Here’s a few more thoughts:1)  If you’re in Dallas, Legacy has plants close on both sides.  Transportation expense isn’t insignficant for MH buyers; and2)  A lot without any income is worth $0 x12 x 8 from an income analysis, which is what most banks use.  Now if you add the home and have a net $13,400 more in the home, now your home + lot equity is $35,000 (lot rent $21,600 plus net in home $13,400).  From that perspective, your $13,400 investment got you a $35,000 return.The goal is usually to make a net income then sell at a net profit.  Full home sites sell.  And if you put all the rental homes in a separate LLC/ownership, you can always sell / finance that separately.

Was talking with Century about their program just last month. I was setting them up with my manufacturer. My manufacturer representative called me -  they were attempting to make the manufacturer add an 8% rebate to the cost of the home that Century gets back. BE AWARE

I am thinking the same as DallasMHP in that is it worth it to invest in new homes to fill lots when you just want to flip the park.I do see your point KurtKelly about empty lots having zero value when you try to sell.How would that play out when you try to sell?
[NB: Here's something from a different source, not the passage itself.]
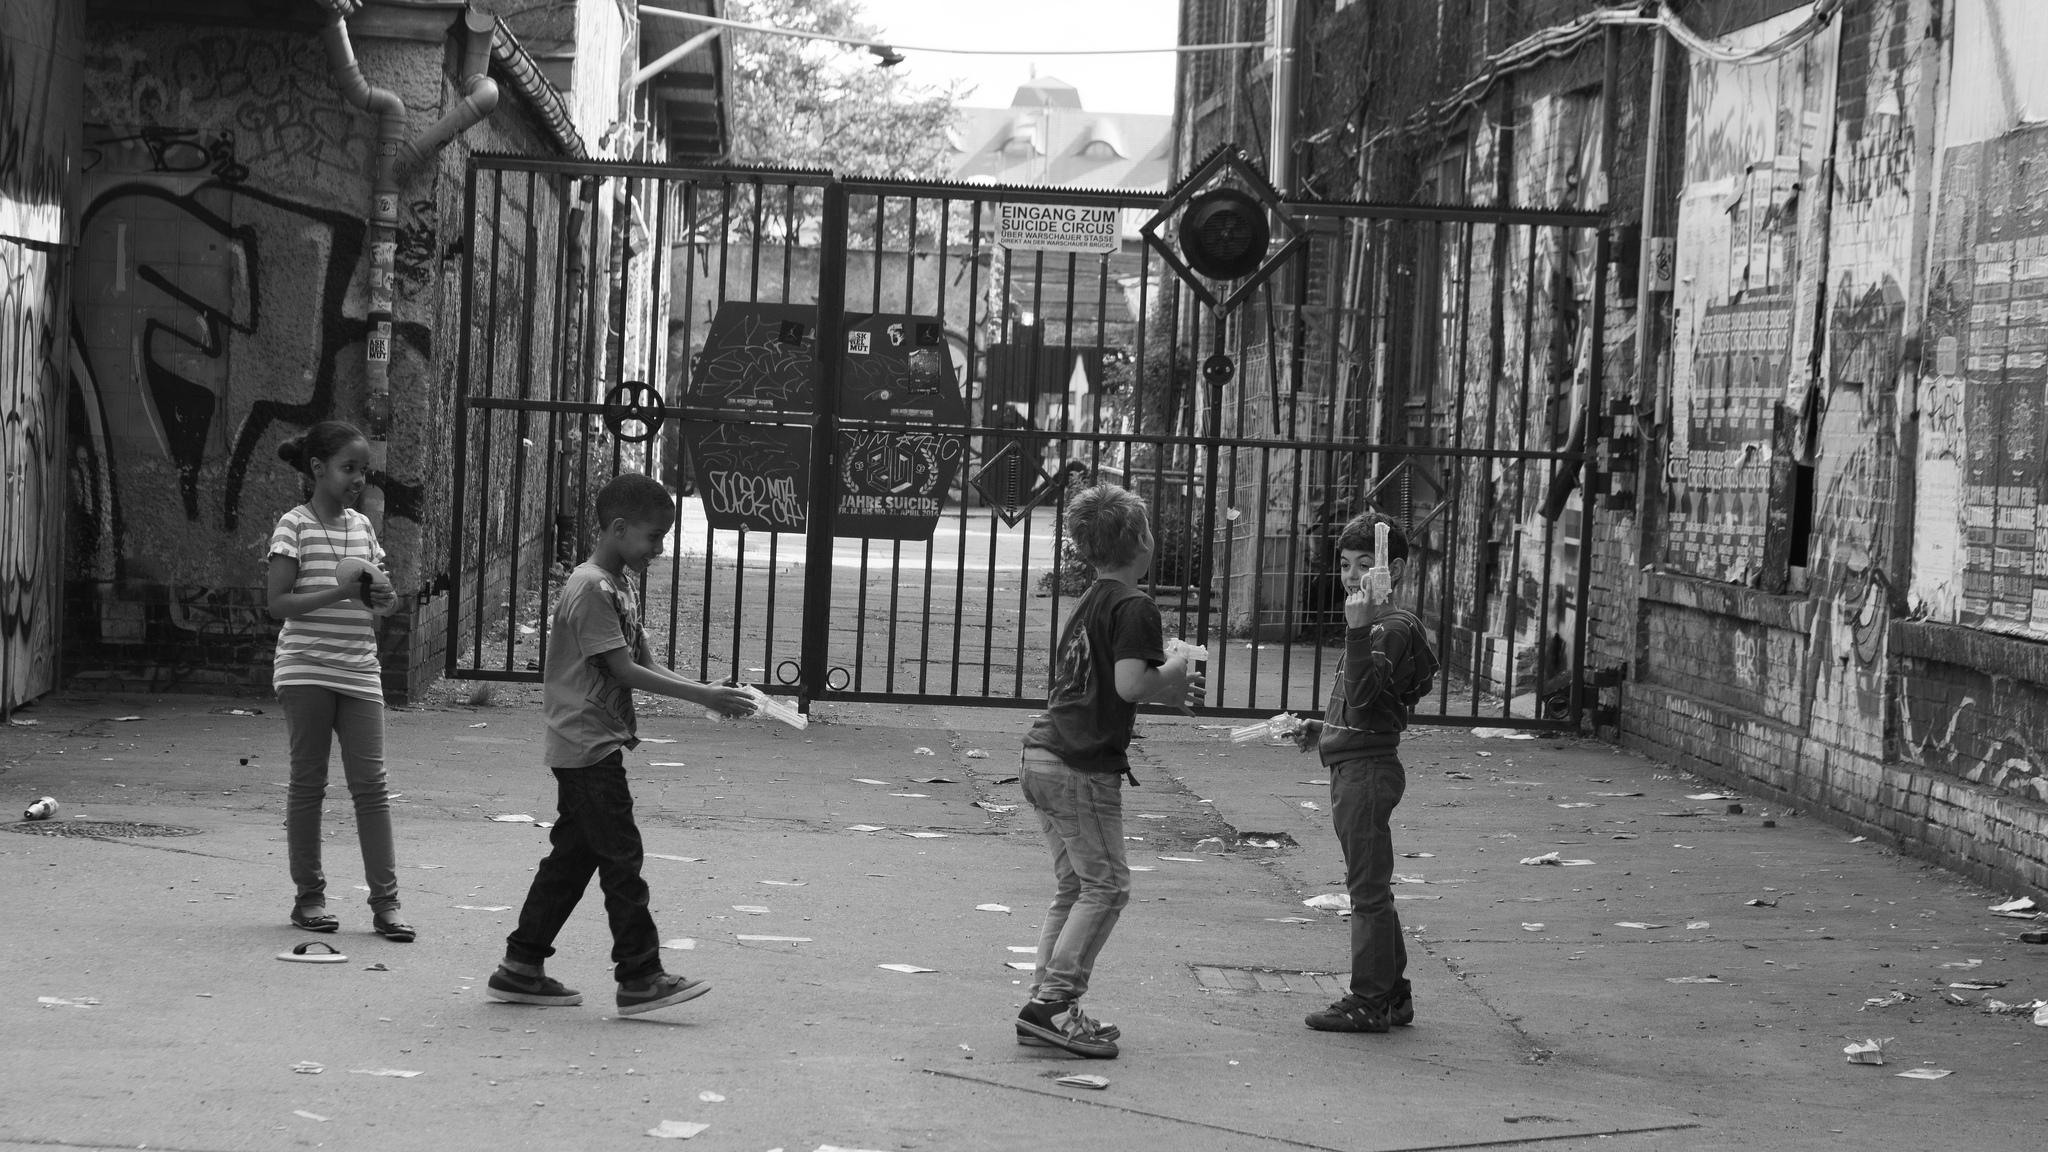 """Niñas y niños jugando a ser pistoleros.  Foto: """" Gunmen at Suicide Circus """", por Sascha Kohlmann,  CC BY-SA 2.0"""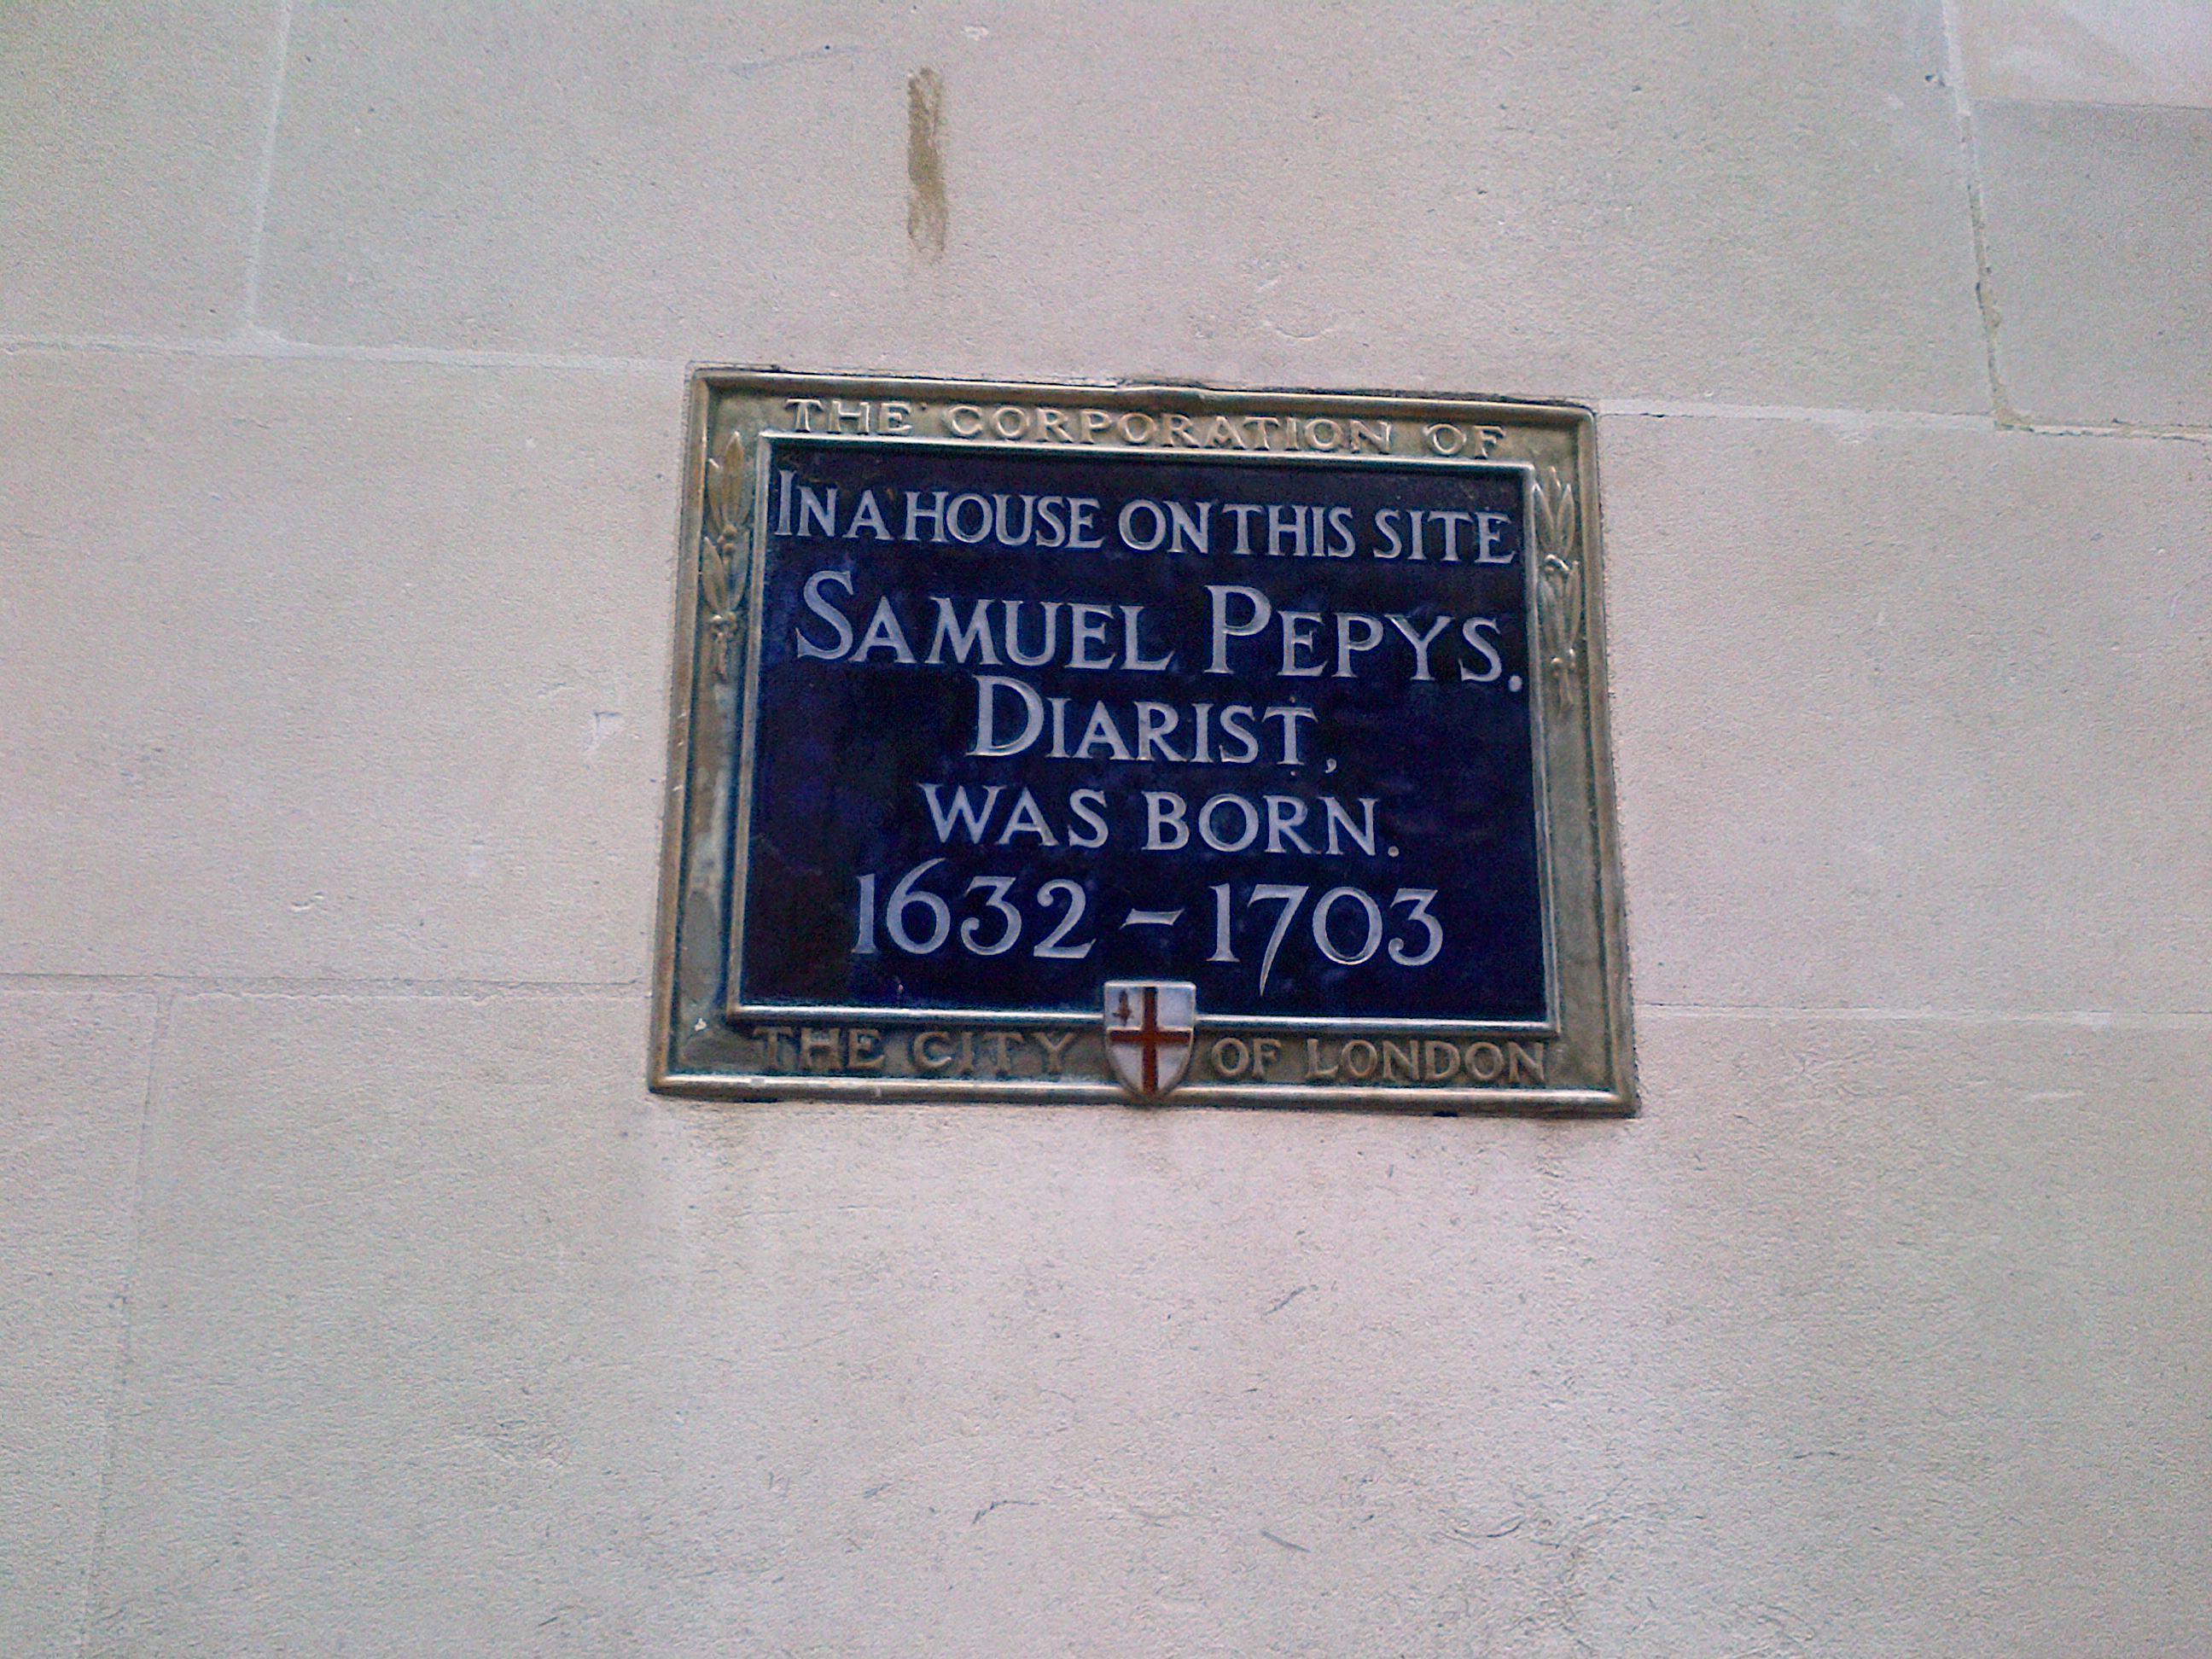 Samuel Pepys woz born ere

Now you have 10 new homes to fill empty lots, but with notes. Is the new buyer willing to take those notes? Will it be harder to sell?I too am struggling as to what to do.

Why would it be harder to sell a park with more occupancy than less occupancy? Sure, the notes are an additional complication, but most sellers would rather have homes already in position and occupied than a bunch of empty lots that they have to fill. If you have to reduce the value of the homes by 30% to make the sale, you’re still 70% ahead of where you were on those lots, as our standard formula is only to bring in homes that cost as much as the value of the occupied lot. In that manner, if you got $0 for the homes, you’re still at a wash from the value of the lots, and anything over 0% is profit.If your park is not at 80% occupancy currently, and will be at 80% or above after bringing in the homes, then you’d be crazy not to do it, as those homes may hold the key to stabilization and getting a mainstream bank loan on the park.

I see your point and the CASH program sounds like what I have been looking for to get my park to 80%. This being my frist park just could not see how it would play out upon selling.  So what is the formula for value of occupied lots again ? 

The formula is as follows:Lot Rent x 12 x .6 (if park pays water/sewer and .7 if tenant does) x 10 = value of one occupied lot at a 10% cap rate.If you’re lot rent is not around $350 and up, it’s hard to make the numbers tie perfectly with new homes. We still do new homes all the way down to $250, believing the value of the overall park’s appraisal by looking nicer will offset the difference. But if your rent is under $200, it’s hard to make sense of it. And under $100 there’s little point to bringing in a home at all.As always, this is just a general guideline.